On February 25, 2026, the Medical Device Division (MDD) of Hong Kong updated its webpage providing useful information regarding the Medical Device Listing Application process. The key update includes providing a list of documents essential to medical device listing application under the Medical Device Administrative Control System (MDACS) (the List).
Read the full update here: https://www.mdd.gov.hk/en/mdacs/listing-application/medical-device-listing-application/index.html
Scope of Application
This update applies to:
- Applicants submitting medical device listing applications through the Medical Device Information System (MDIS)
- Medical device manufacturers
- Local Responsible Persons (LRPs)
Key Highlights
- The webpage now includes a list of documents essential to medical device listing application under MDACS.
- The Local Responsible Person (LRP) should include all required documents when submitting a medical device listing application through MDIS.
- The LRP must ensure that all documents are complete and properly prepared prior to submission.
- The MDD may request additional information during the review process, such as original documents, certified copies, or additional labelling samples.
- If the requested information is not provided (within 14 calendar days), the application may be closed.
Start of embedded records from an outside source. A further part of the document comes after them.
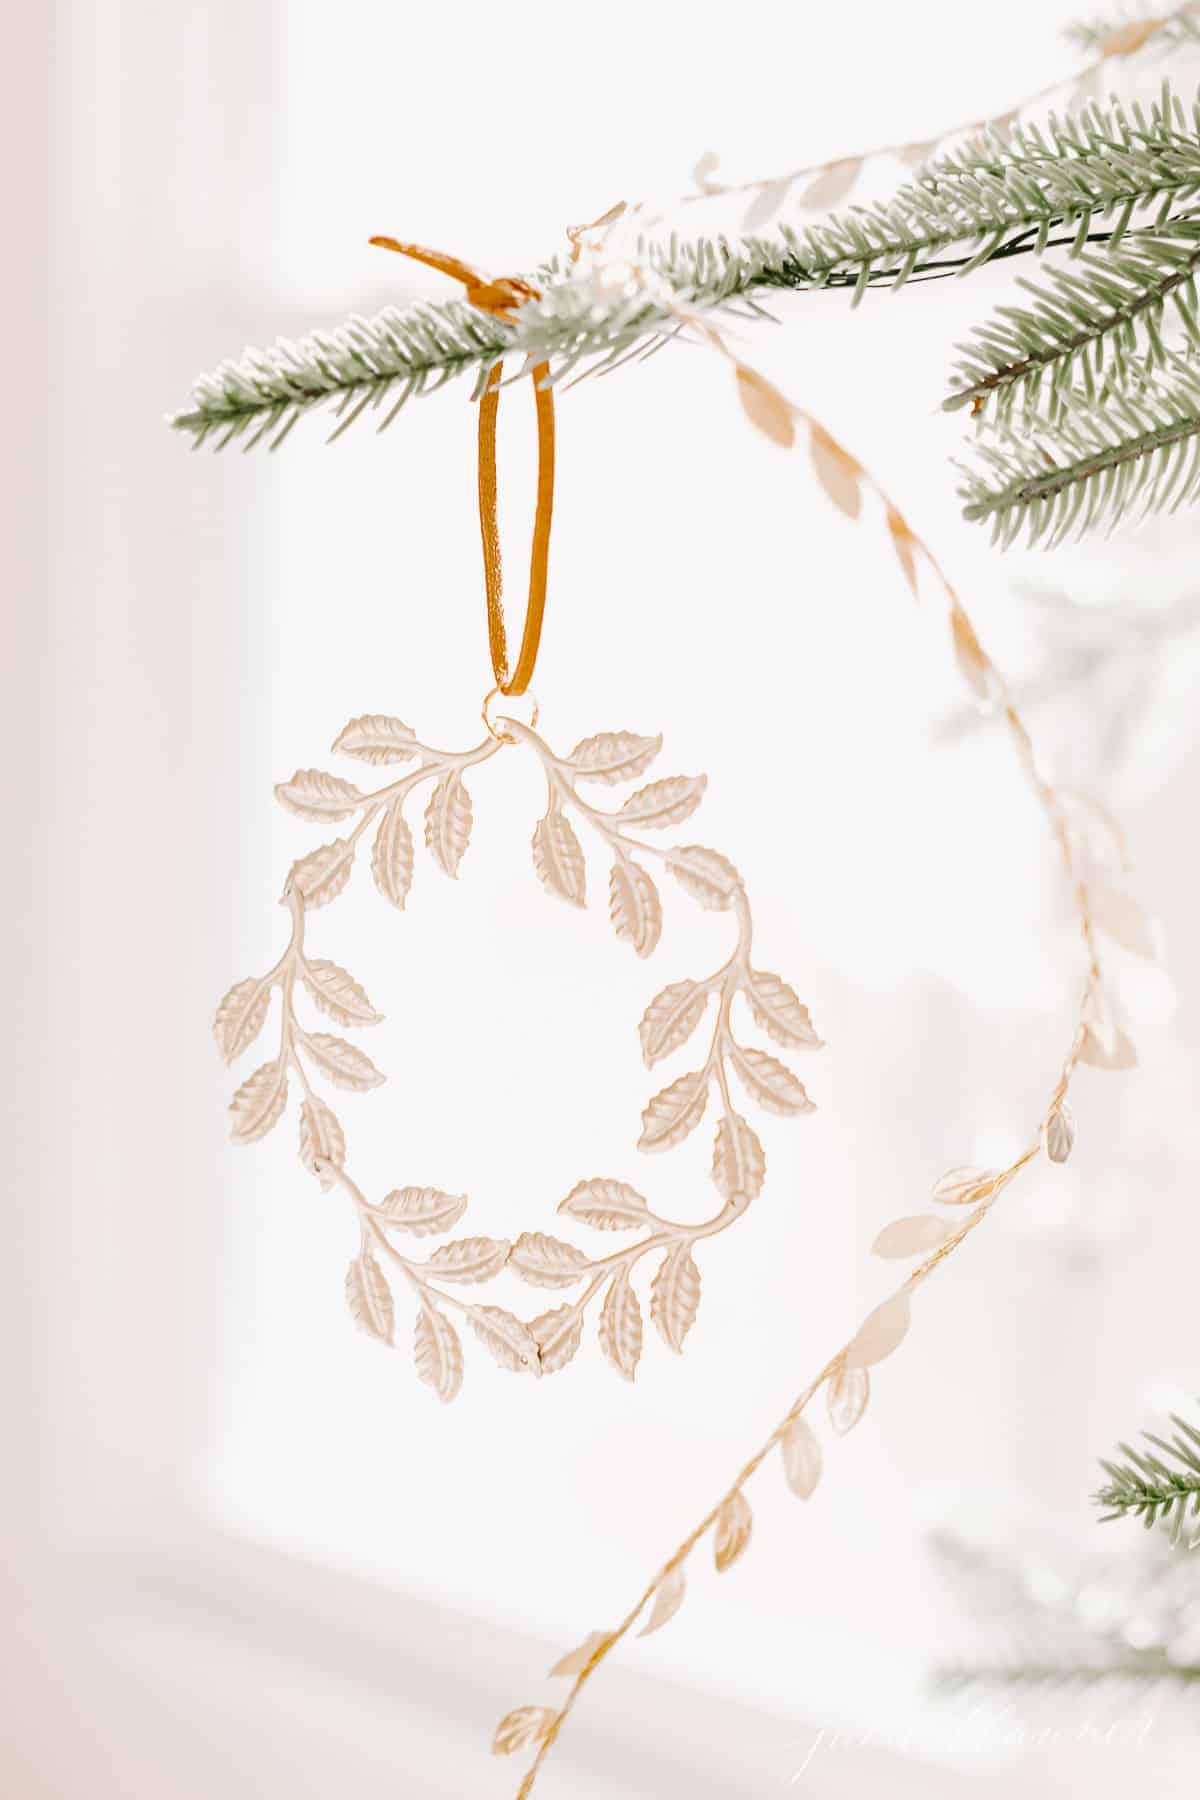 Scandinavian Christmas Decorations | Julie Blanner
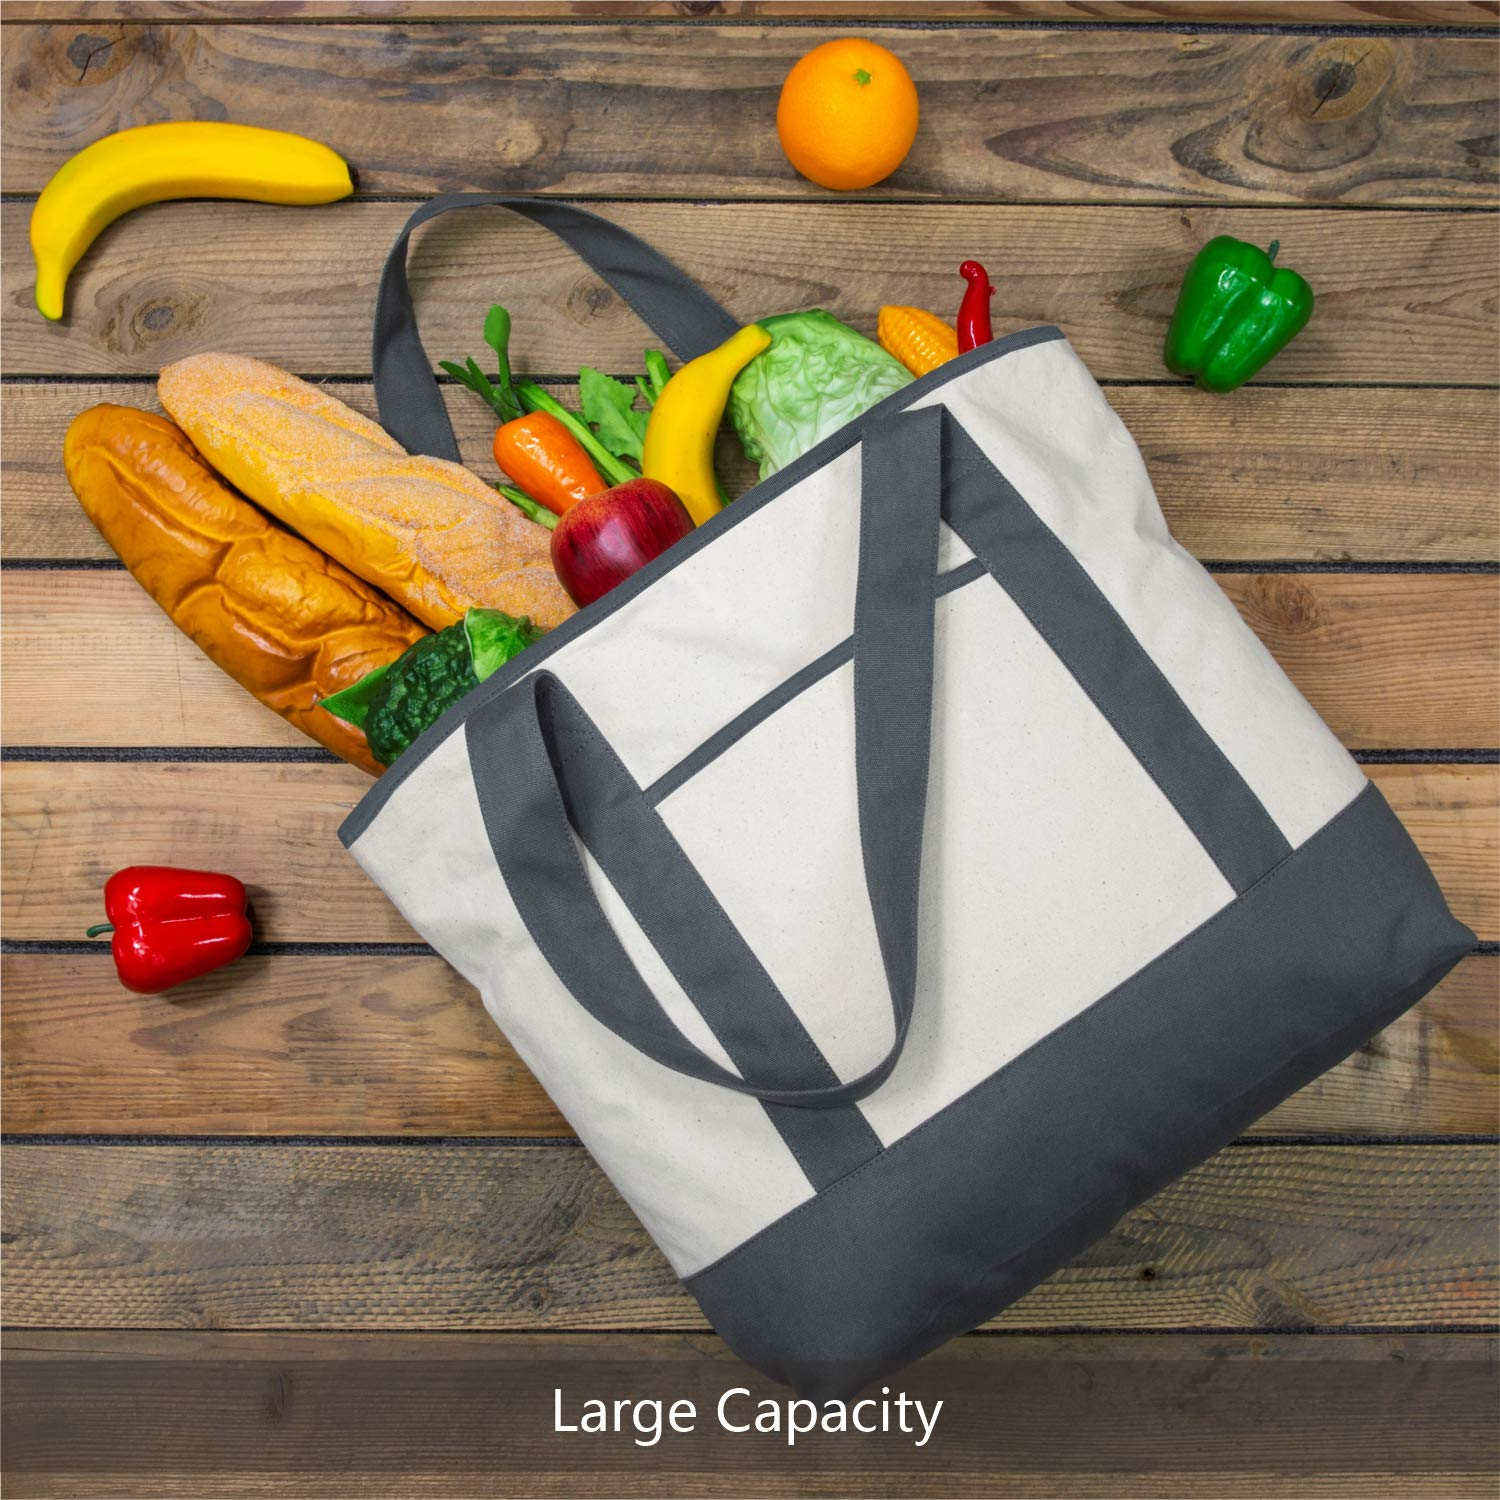 Großvolumige, offene, wärmeisolierte Kühltasche aus Baumwolle für Lebensmittel mit Außen- und Innentaschen
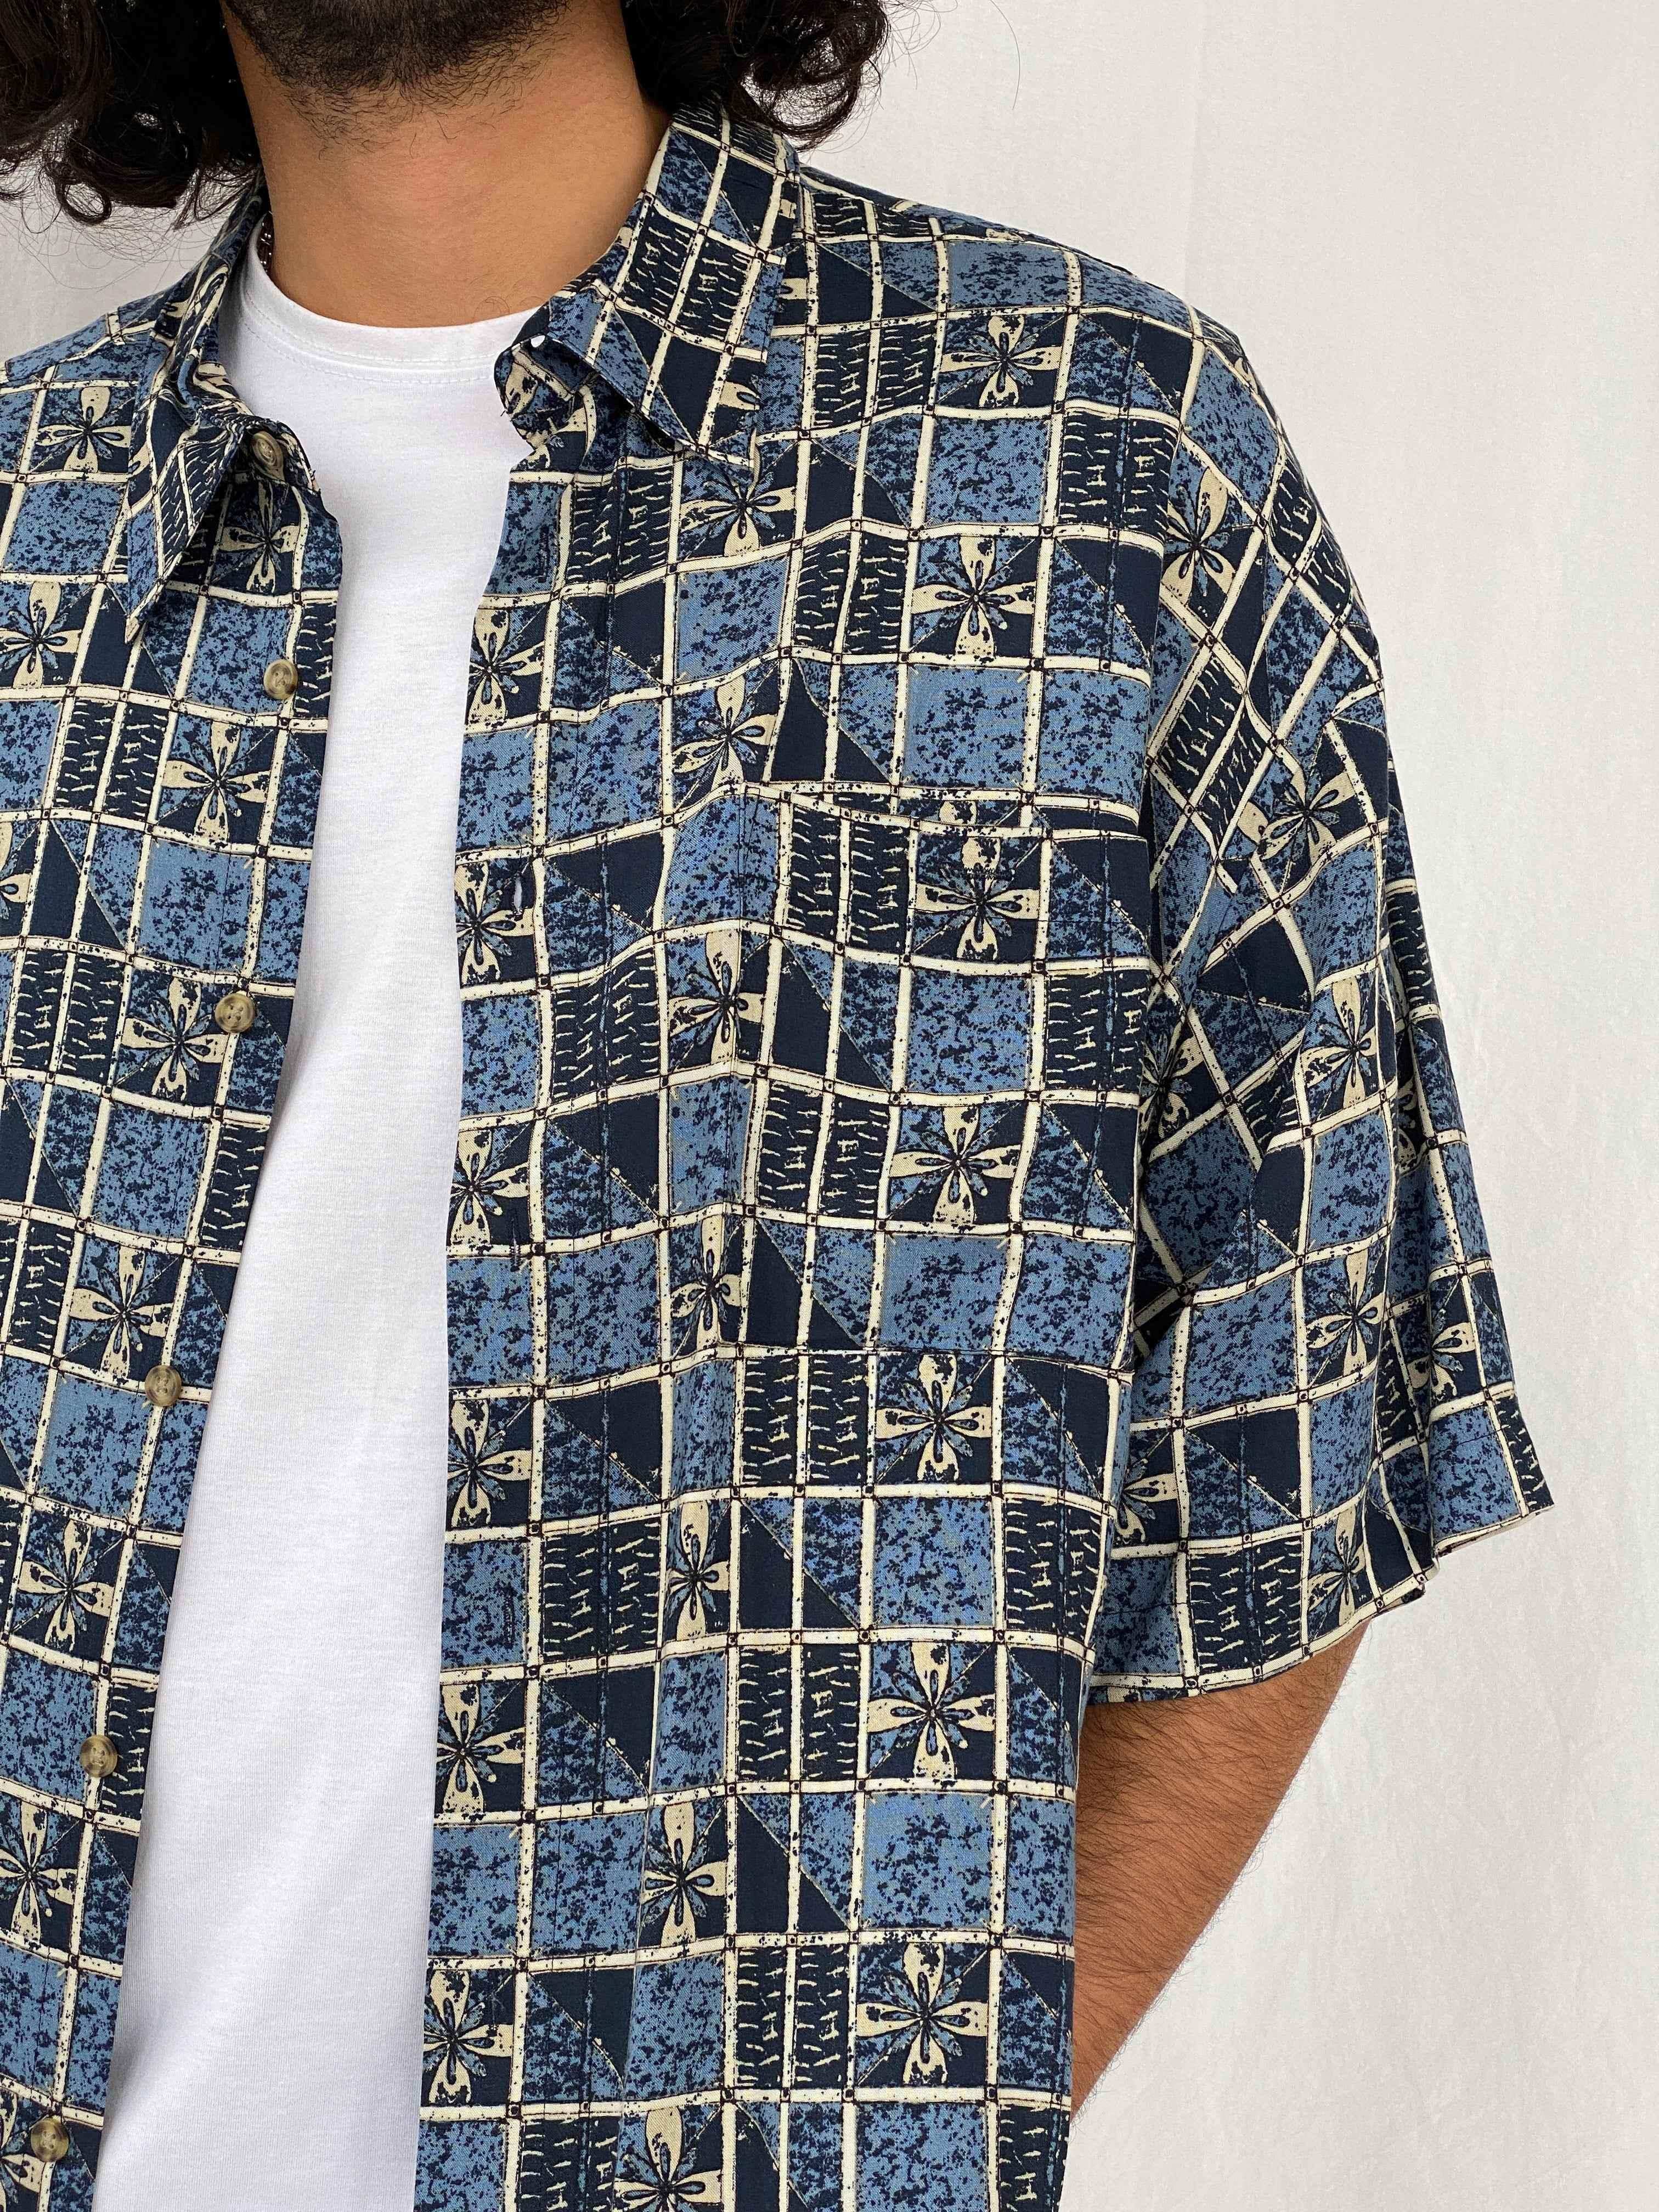 Vintage Puritan Printed Shirt - Balagan Vintage Half Sleeve Shirt 90s, half sleeve shirt, men, printed shirt

- Refer to the official document: Documents Essential to Medical Device Listing Application under MDACS
Implications to Clients
Manufacturers should work and collaborate closely with their Local Responsible Person (LRP) to ensure that all required documents are complete and properly prepared before submitting the device listing application through MDIS.
Applicants should be prepared to provide additional information or documents if requested by the Medical Device Division during the review process.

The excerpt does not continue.